Nau mai, haere mai, welcome to eyeCONTACT, a forum built to encourage art reviews and critical discussion about the visual culture of Aotearoa New Zealand. I'm John Hurrell its editor, a New Zealand writer, artist and curator. While Creative New Zealand and other supporters are generously paying me and other contributors to review exhibitions over the following year, all expressed opinions are entirely our own.

Sunday, December 6, 2009

Summer on the Lorne








Summer Group Show
Antoinette Godkin
2 December 2009 – 31 January 2010

Nine artists connected to the Antoinette Godkin gallery present old and new work to be perused over the Christmas holidays. No prints or photography, mainly abstract paintings and drawing.

While the Godkin regulars here do provide excellent contributions, there are few surprises. Andre Hemer has a characteristic predominantly yellow and red canvas laden with vigorous computer-stored gestures and negative slashes, while Miranda Parkes has one of her large, striped, voluminous canvases - plus two small paintings with glued on paint fragments. Though they have been shown before, Esther Leigh has some superbly elegant milky/pink works of translucent film and ink on reflective mirror.

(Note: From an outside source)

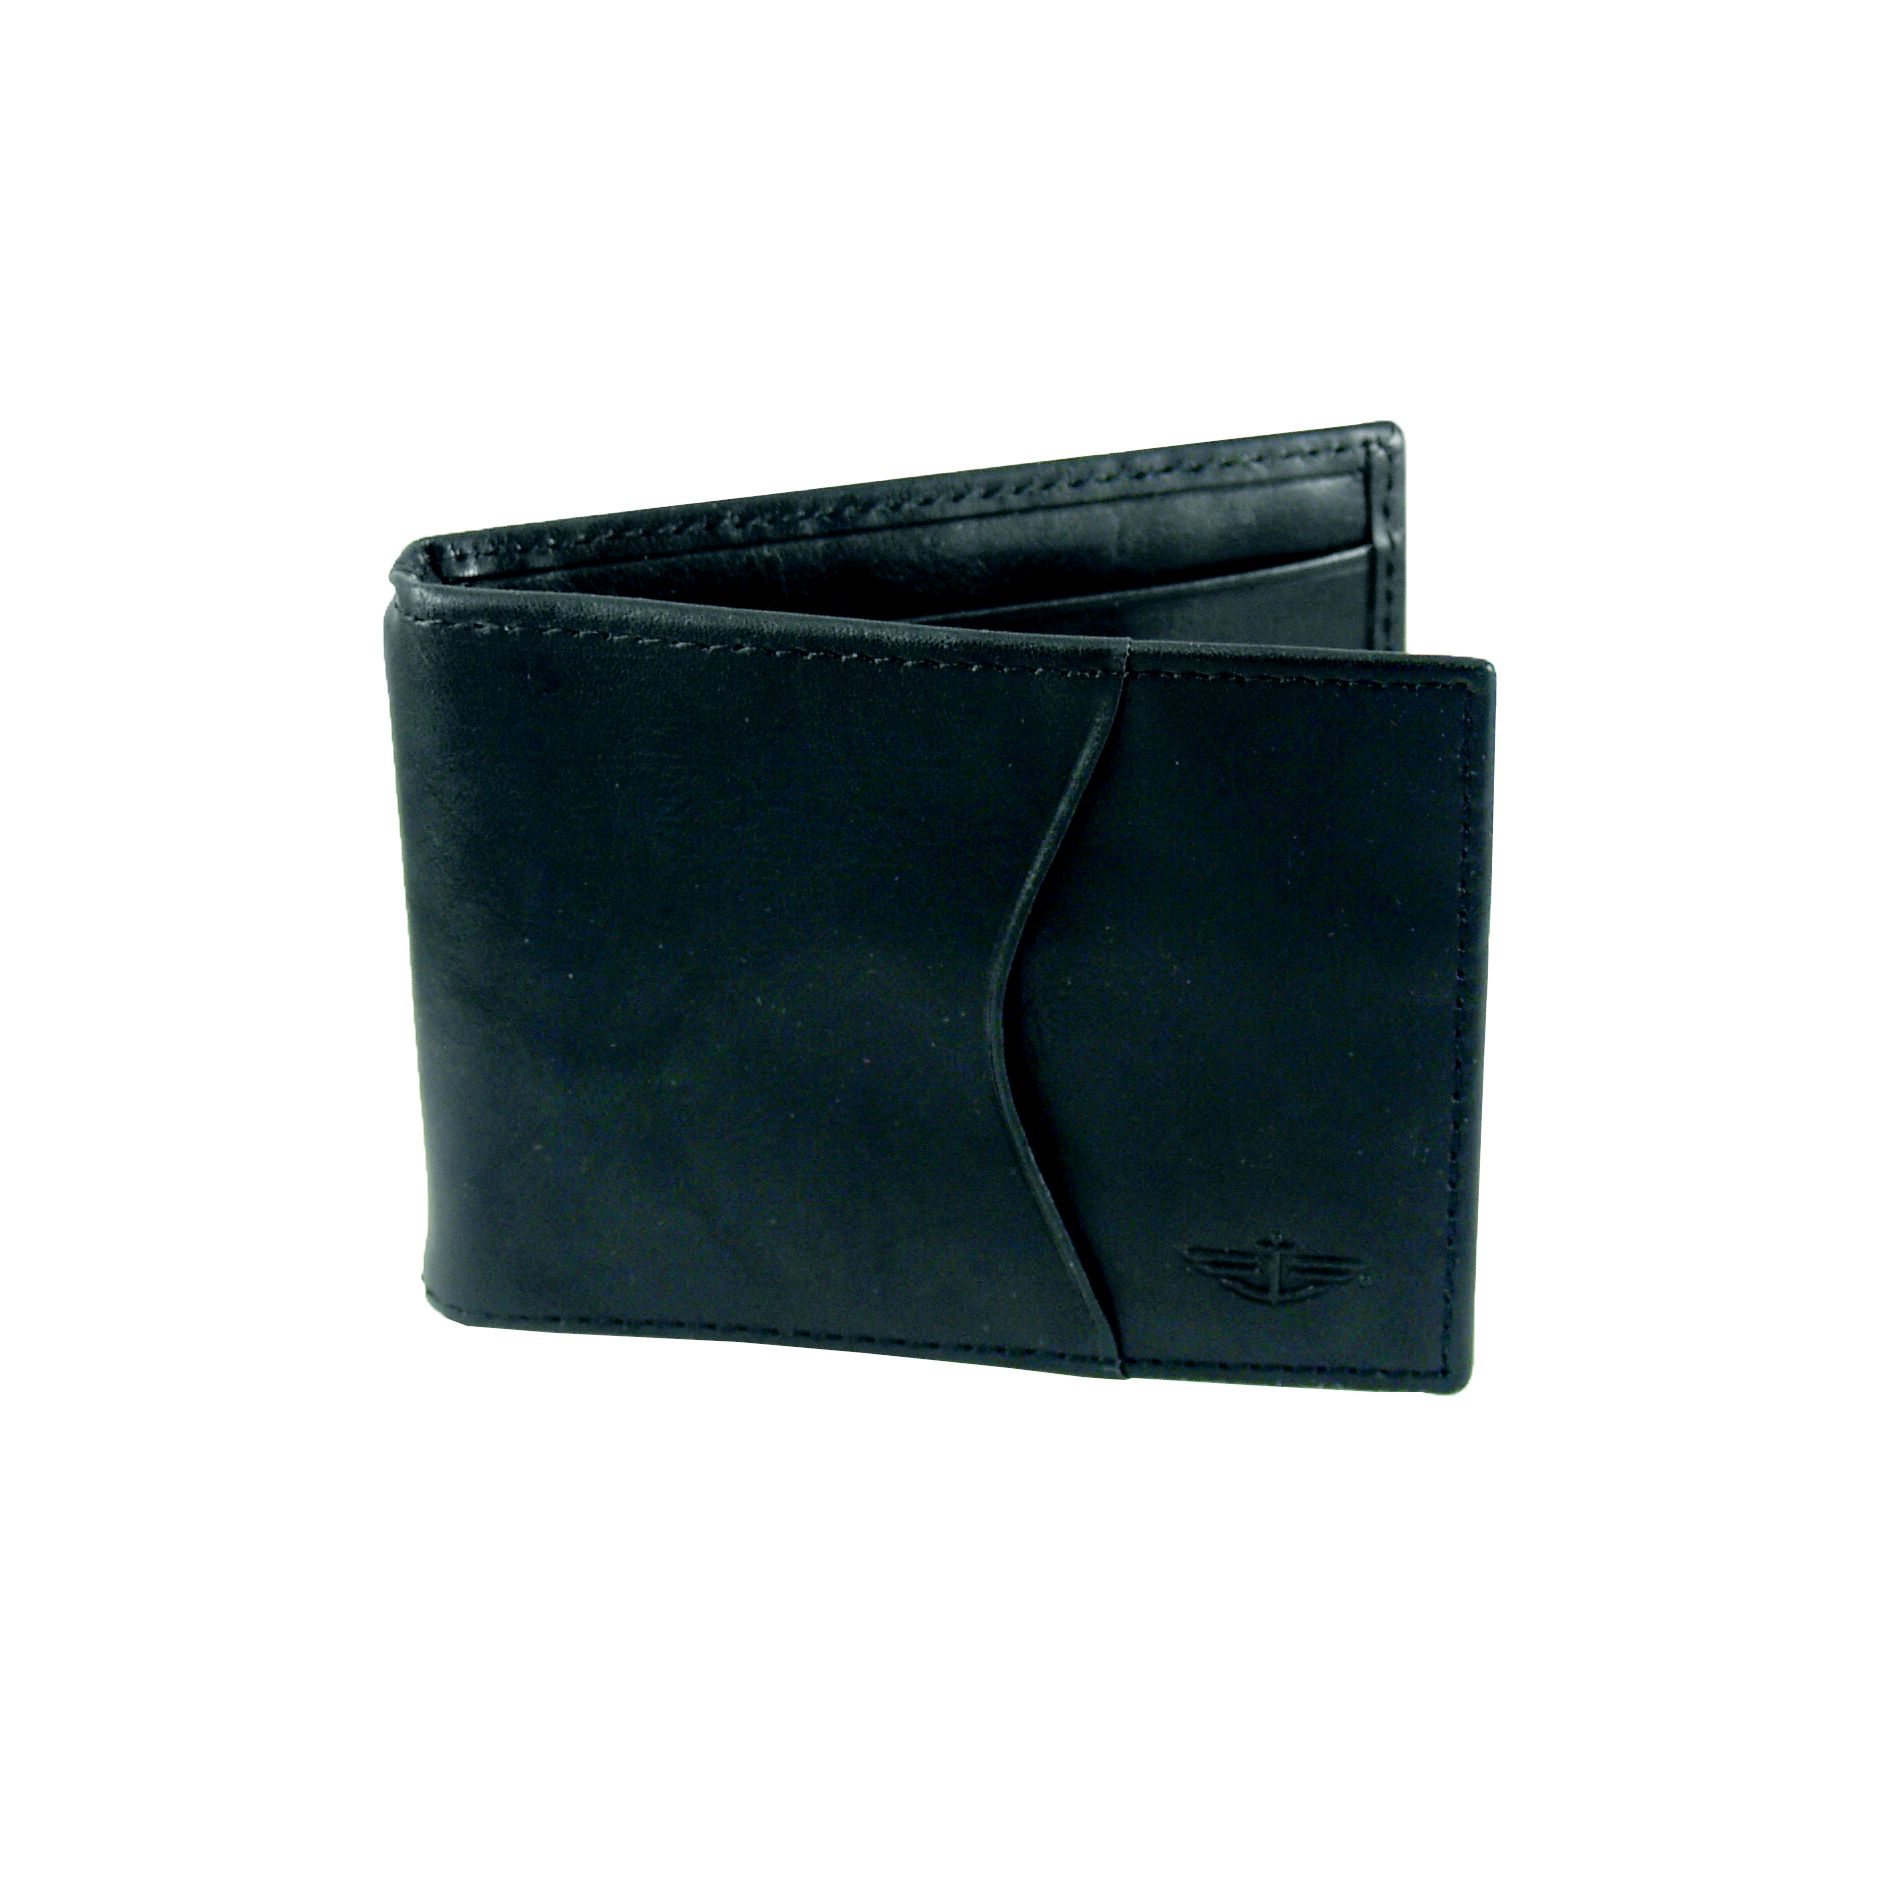 Dockers Leather Front Pocket Wallet

The startling revelations (for me) come from paintings, such as the predominantly blue, shimmering abstraction by Sue Novell, based on a landscape photograph processed digitally. It generates open abstract forms packed with wiggling wormlike strokes. These teeming pockets of energy seem connected to Pat Hanly’s ‘Molecular’ paintings of the seventies inspired by Blake, Huxley and lysergic acid.

Andy Tolhurst has two wonderfully pristine vinyl ‘paintings’ as well, crisp geometric compositions related to Matt Mulligan or Peter Halley. One is based on a squashed Lion Beer label found on the footpath. Its red, grey, black, white and yellow colours have been applied to a squared-off Gordon Walters-like ‘koru’ structure with the panel’s vertical proportions divided into thirds and then sixths. The other work is an elegant arrangement of carefully selected squared signs taken off Japanese noodle packets and placed onto a silvery field.

James R. Ford presents four mono-coloured rectangular jigsaws, under glass with thick black frames. They use colour from colour printing (demonstrating what is termed ‘subtractive’ for the mixing of absorbed light) to reference the three primaries (cyan, magenta and yellow) and the result of their mixing (black). There is a strange humour implied by the interlocking jigsaw pieces because these separate colour units would work only by juxtaposition. This would inevitably result in grey (not the commonly expected secondary hues that come from overlaying and transparency). Perversely, the proportions are those of landscape painting (a different principle again from mixing light ['additive' from reflected colour] and printing with separated primaries).

Ford’s use of jigsaw modules has links with the drawings of Carol Fletcher who repeats tracings of details from discarded wrappers or her own drawings, to construct gridded rectangles with rows of repeated units. These she covers with liquid wax.

Whilst there is a certain droll humour in making faint pencil drawings out of rubbish, that reference industrial mechanization and artists like Warhol, the stacked images seem too understated to me, and not obsessive enough. They need to be more extreme, to be in their thousands, not just under a hundred.

Matthew Dowman makes more convincing works with tone rather than colour in my view, especially with his complicated swirling nets of stencilled and airbrushed black and white lines, overlaid with toothbrush-flicked fine mists. They create considerable impact with their different points of density and clashing directional alignments; so that whilst almost chaotic, they still retain order and invite mental immersion.

Helen Calder’s painting/sculpture of a peeled-off, blue, acrylic/enamel hide hanging off a short rail doesn’t have the impact of the works in her recent City Art Rooms show. The pleasure found in her painting is in the striated, pitted textures of the surface and its edges, so when that skin is repeatedly folded over those chances for scrutiny disappear. A wide fleece then becomes a narrow towel or floppy shower mat in a hotel bathroom, and while such humour about painting’s social after-effects might be intended, I suspect not. The ambiguous, possibly utilitarian function of the portable and very rubbery ‘painta-derm’ in an architectural setting is not really anticipated as a question.

Images of works by Andre Hemer, Sue Novell, Andy Tolhurst (2), Matthew Dowman (2), and Helen Calder alongside James R.Ford. In descending order.